When building APIs, the choice between GraphQL and REST isn't just about technical preferences—it directly impacts your SDK strategy, developer adoption, and long-term maintenance overhead. Both approaches can power successful APIs, but they handle data fetching, versioning, and client integration in fundamentally different ways.
This guide breaks down the practical differences between GraphQL and REST from an implementation perspective, covering data workflows, performance trade-offs, SDK generation strategies, and how both approaches work with emerging standards like the Model Context Protocol for AI agents.
What are GraphQL and REST APIs
The fundamental difference between GraphQL and REST lies in how they handle data fetching and structure endpoints. REST APIs expose multiple endpoints, each returning a fixed data structure, which can force clients to make several requests or receive more data than needed. In contrast, GraphQL uses a single endpoint where the client submits a detailed query, allowing it to request and receive only the exact data it requires in one go.

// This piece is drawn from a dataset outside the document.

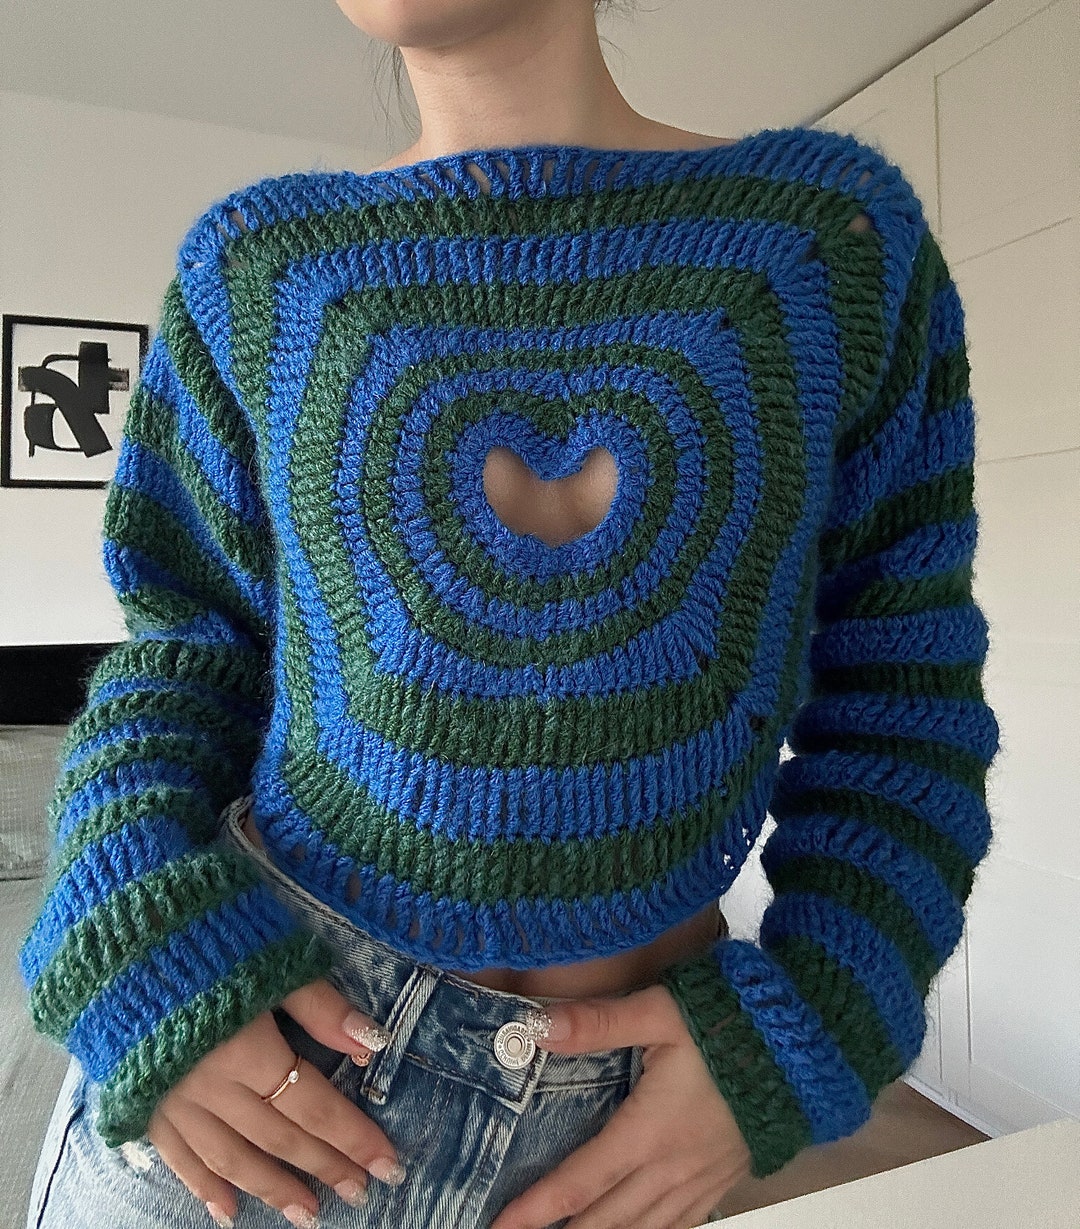 Crochet Heart Cut Out Sweater Pattern, Heartburn Crochet Long Sleeve ...

Both approaches are powerful ways to build APIs. Modern tooling can generate SDKs from either, often by converting a GraphQL schema into an OpenAPI Specification first, though you may need to create OpenAPI specs manually for some APIs.
Define request models
REST is an architectural style that uses standard HTTP methods on specific resource URLs. You might GET /tasks
to list all tasks or POST /tasks
to create a new one. The server dictates the shape of the data you get back from each endpoint.
GraphQL is a query language for your API. Clients send query
or mutation
operations to a single endpoint, like /graphql
. The structure of the request itself defines the structure of the response, giving the client full control.
Describe schema contracts
Both API styles rely on a schema, which acts as a contract between the client and server.
REST: Typically uses the OpenAPI Specification (formerly Swagger). This document defines every endpoint, its parameters, and the shape of its responses.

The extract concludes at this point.